Stockholm boasts a rich, thousand-year-old cultural heritage, with wonderful architecture, museums, the Royal Palace, and the perfectly preserve medieval city centre, the Gamla Stan. Here, trendy bars and fine restaurants mingled with historic cafés and pubs. Similarly, modern shopping streets and malls feature all the major international brands, along with a stunning variety of local boutiques unusual shops, and the city’s museums range from the classic Vasa Museum to ABBA The Museum, and Fotografiska. In Stockholm there are more than a hundred cultural and recreational attractions to choose from. Here’s our choice of just five:

The Vasa Museum

The Vasamuseet features the Vasa, the world’s sole surviving, almost fully intact 17th C. ship, a real artistic treasure. More than 95% of the ship is original, and it is adorned with numerous carved wooden sculpture. The 69-metre-long, 64-gun warship sank on her maiden voyage in 1628, and was salvaged 333 years later, in 1961. Nearly fifty years were spent restoring the ship to her original splendour. Her three masts tower above the building that now houses the Vasa. The museum is today the most popular in all Scandinavia, and receives more that a million visitors each year. Ten separate exhibits illustrate different aspects of the ship, including what life aboard was like. Children are admitted gratis.

Royal Palace

The 600-room Royal Palace or Kungahus, still the residence of the Swedish royal family, is one of Europe’s largest palaces. It is open to the public and houses no fewer than five museums. It was built in the Italian baroque style in the 18th C. on the site of the 13th C. Tre Kronor (Three Crowns) palace which burned to the ground in 1697. Visitors first see the splendid reception halls whose breathtaking furnishings and adornments date from the 18th and 19th centuries. Next is the Rikssalen (Hall of State) with the silver throne used by Queen Christina (1629-1689). Also worth seeing are the Ordenssalarna (apartments of the orders of chivalry), the Gustav III’s Museum of Antiquities, the Kronor Tre Museum, and the Treasury.

The Royal Palace also houses the Armoury, with its marvellous collection of royal costumes and body armour, the coronation carriages, and the magnificent horses in the Royal Stables. The colourful changing of the guard ceremony can be watched at 12:15 h. on weekdays and at 13:15 h. on Sundays and holidays.

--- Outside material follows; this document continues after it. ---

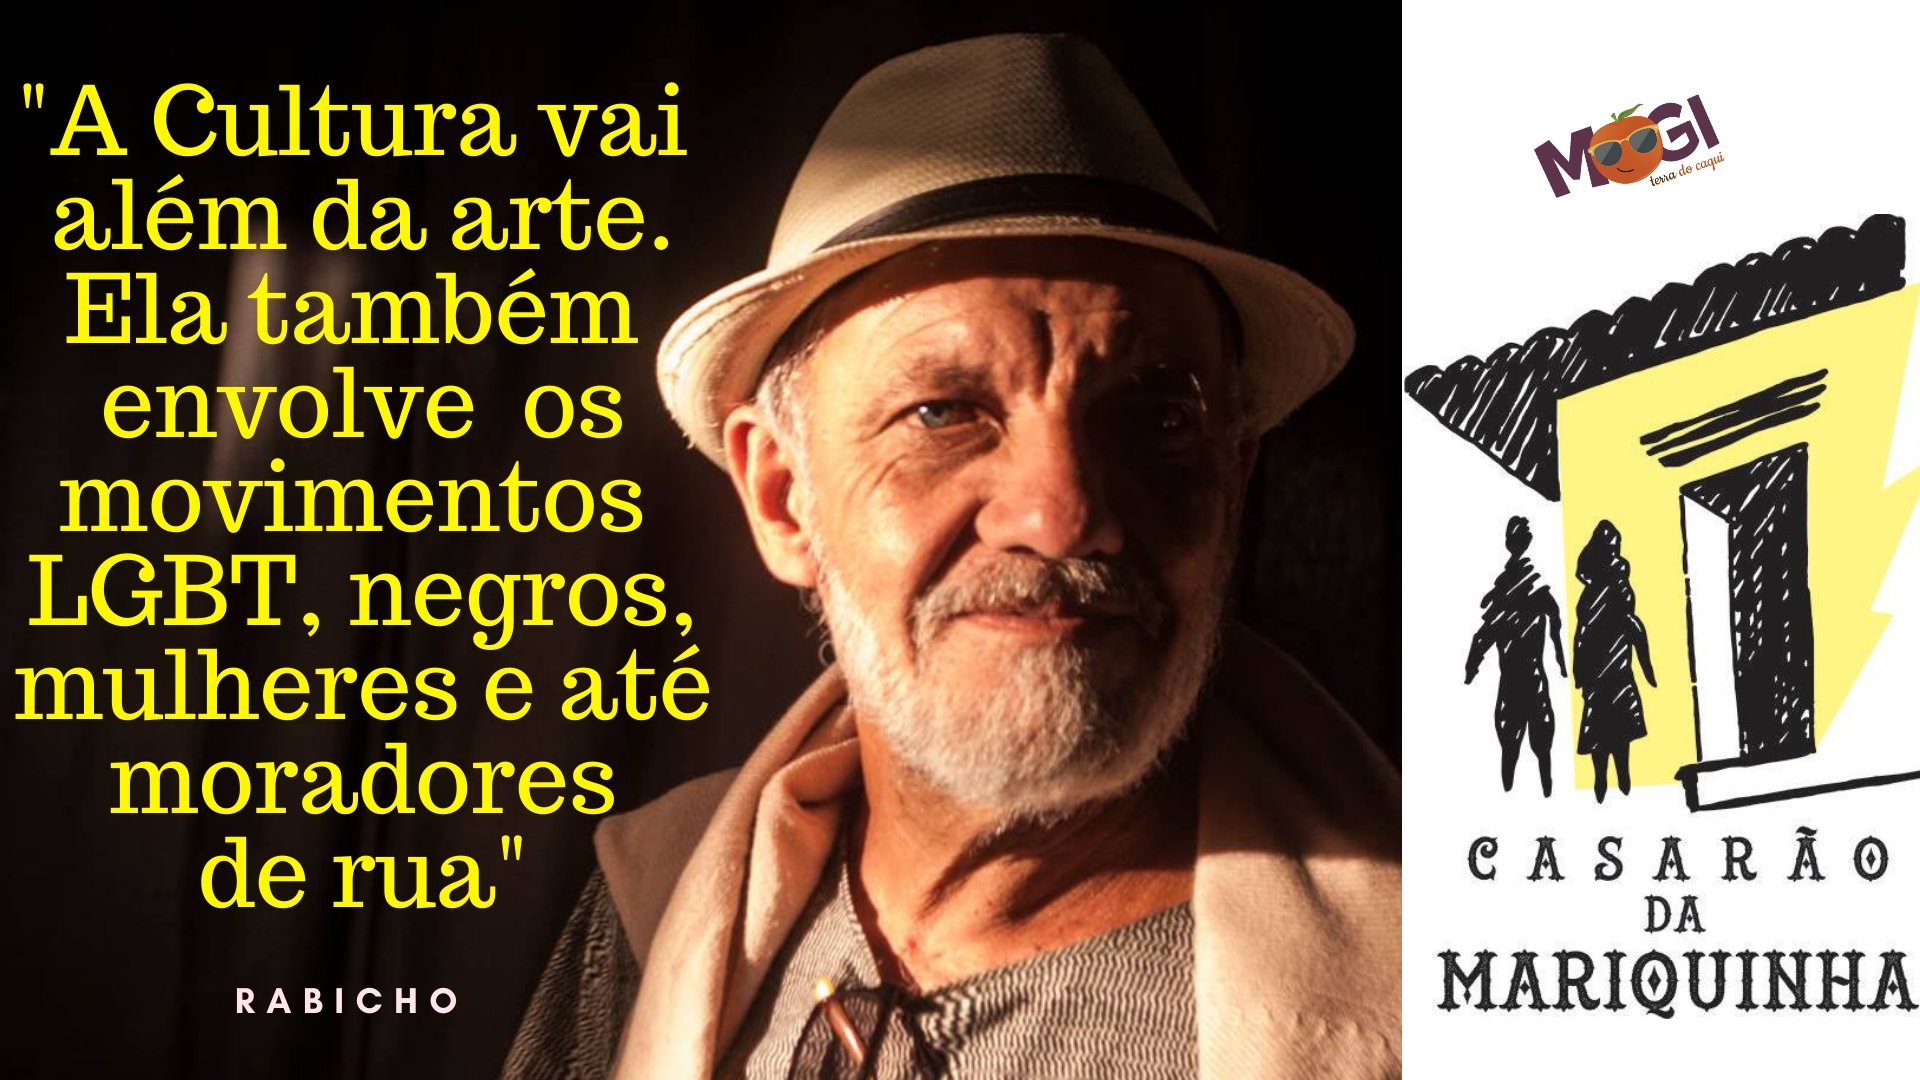 CASARÃO DA MARIQUINHA - Palco da diversidade cultural e artística de Mogi das Cruzes - SP

One of the world’s largest photography museums, Fotografiska stages as many as four major and twenty smaller exhibitions each year. It shows the works of Swedish and foreign photographers, both established and emerging. The new restaurant in the museum is run by master chef Paul Svensson and has already won awards for its seasonal and ecological dishes. From the café on the top floor visitors can enjoy some of the best views of Stockholm.

Moderna Museet

Here we find one of Europe’s most important contemporary art collections, with works dating from the early 20th C. to the present, including masterpieces by Picasso, Dali, Matisse, and Sweden’s own Siri Derkert. Its permanent collection and its temporary exhibitions make it a must for visiting art lovers. The Moderna Museet is located on Stockholm’s fairytale Skeppsholmen island in a spectacular building by the Spanish architect Rafael Moneo. Its restaurant affords lovely views Djurgården park and Strandvägen boulevard.

ABBA The Museum

Music, clothing, lyrics, videos, and interactive displays concerning Sweden’s most celebrated pop group ABBA can be seen and heard in this museum on the island of Djurgården. The famous quartet, founded in 1970, sold more than 378 million records before is disbanded in 1983. Its biggest hit, “Waterloo”, reached the top of the charts in 1974. The 1994 musical “Mamma Mia” revived interest in the group.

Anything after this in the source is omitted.